Massive Community Support
Have you ever been stuck in a problem while coding and could not find the help you needed? I've seen this many times, and it's a miserable situation because the code contains your hard work from hours or even days, but you still have to leave it. Yet, because of the popularity and saturation of this field, Python developers are not alone. Python is a comparatively easy language, and normally people do not face any major issues. Yet, for the help of the developers, there is a large community related to Python where you can find the solution of your problems, check the trends, have a chit chat with other developers, etc.

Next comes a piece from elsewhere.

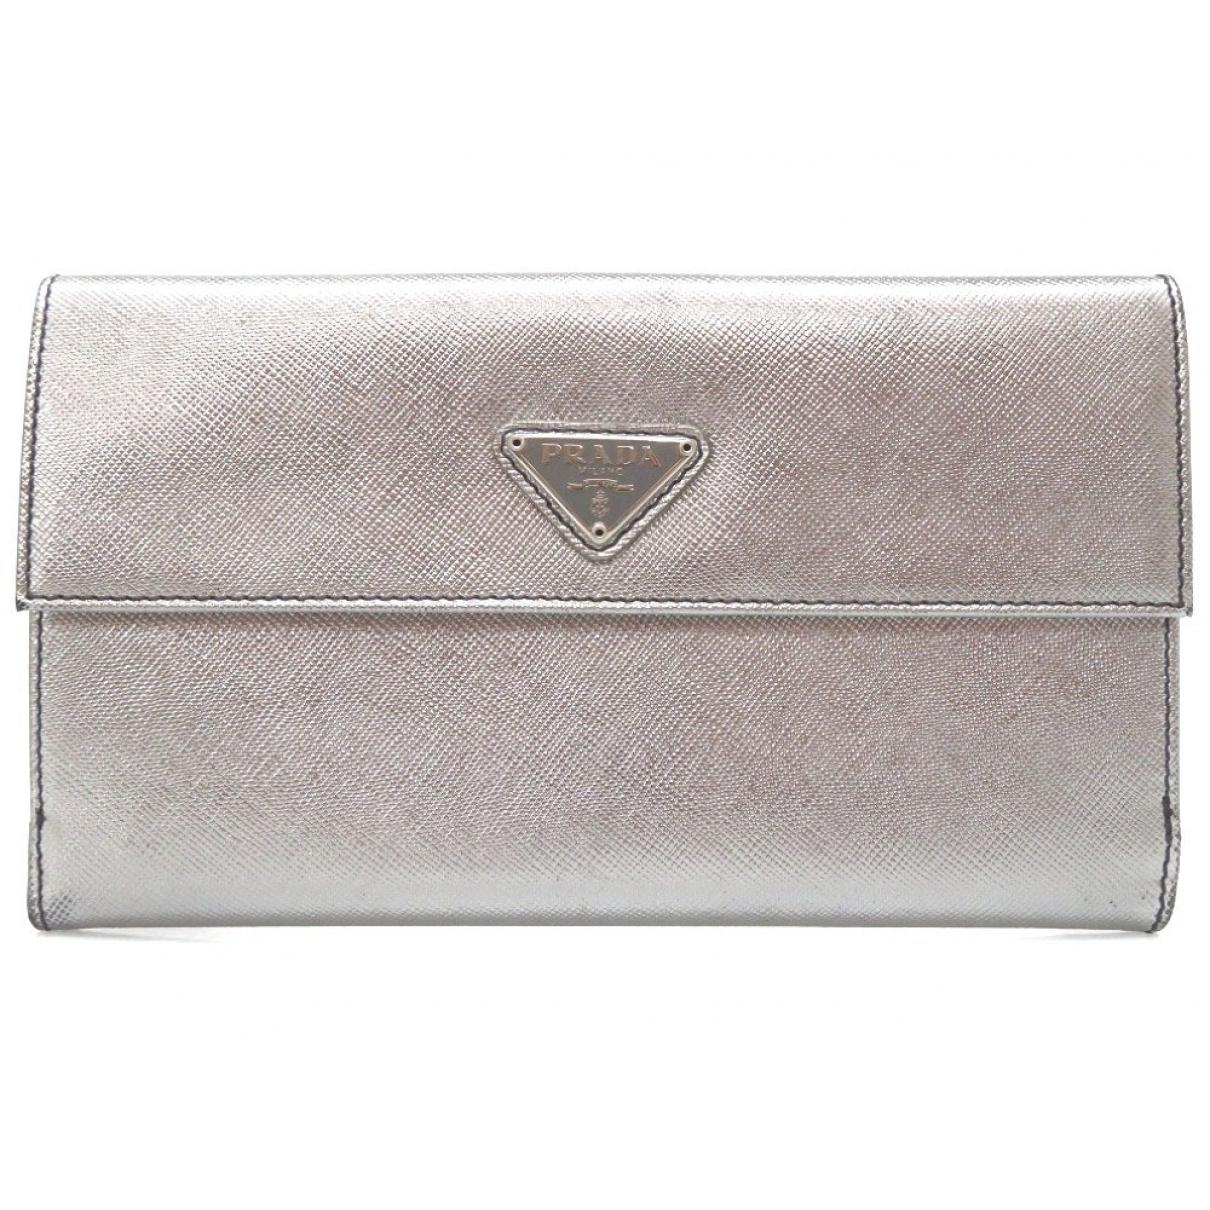 Prada \N Silver Leather wallet for Women \N

When working on deep learning projects, it's fun to be a part of a community with other people who are working on similar projects. It is the perfect way to learn from the seniors and grow in a productive environment. Moreover, while you are solving the problems of the juniors, you will cultivate creativity in your mind, and deep learning will become interesting for you.
Other Programming Options for The Deep Learning
At this point, where I am discussing a lot about Python, it must be clarified that it is not the only option for deep learning. Deep learning subjects are always wasteful, and users always have more than one option. However, we prefer Python for a variety of reasons, and now I'd like to tell you about some other options that appear useful but are, in fact, less useful than Python. The other programming languages are:
JavaScript
Swift
Ruby
R.
C
C++
Julia
PHP
No doubt, people are showing amazing results when they combine one or more of these programming languages with deep learning, but usually, I prefer to work more with Python. It totally depends on the type of project you have or other parameters such as the algorithm, frameworks, hardware the user has, etc. to effectively choose the best programming language for deep learning. An expert always has an eye on all the parameters and then chooses the perfect way to solve the deep learning problems, no matter what the difficulty level of the language is.
Hence, we have discussed a lot about the Python today. Before all this discussion, our focus was on the deep learning and its working so you amy have the idea what actually si going on. In this article, we have seen the compatibility of the Python programming language with deep learning. We knew about the parameters of the deep learning and therefore were able to understand the reason of choosing the Python for our work. Throughout this article, we have seen different reasons why we have chosen TensorFlow and related libraries for our work. It is important to notice that Python works best with the TensorFlow and Keras APIs, and therefore, from day one, we have focused on both of these. In the next lecture, you will see some more important information about deep learning, and we are moving towards the practical implementation of this information. Once we have performed the experiment, all the points will be crystal clear in your mind. So until then, learn with us and grow your knowledge.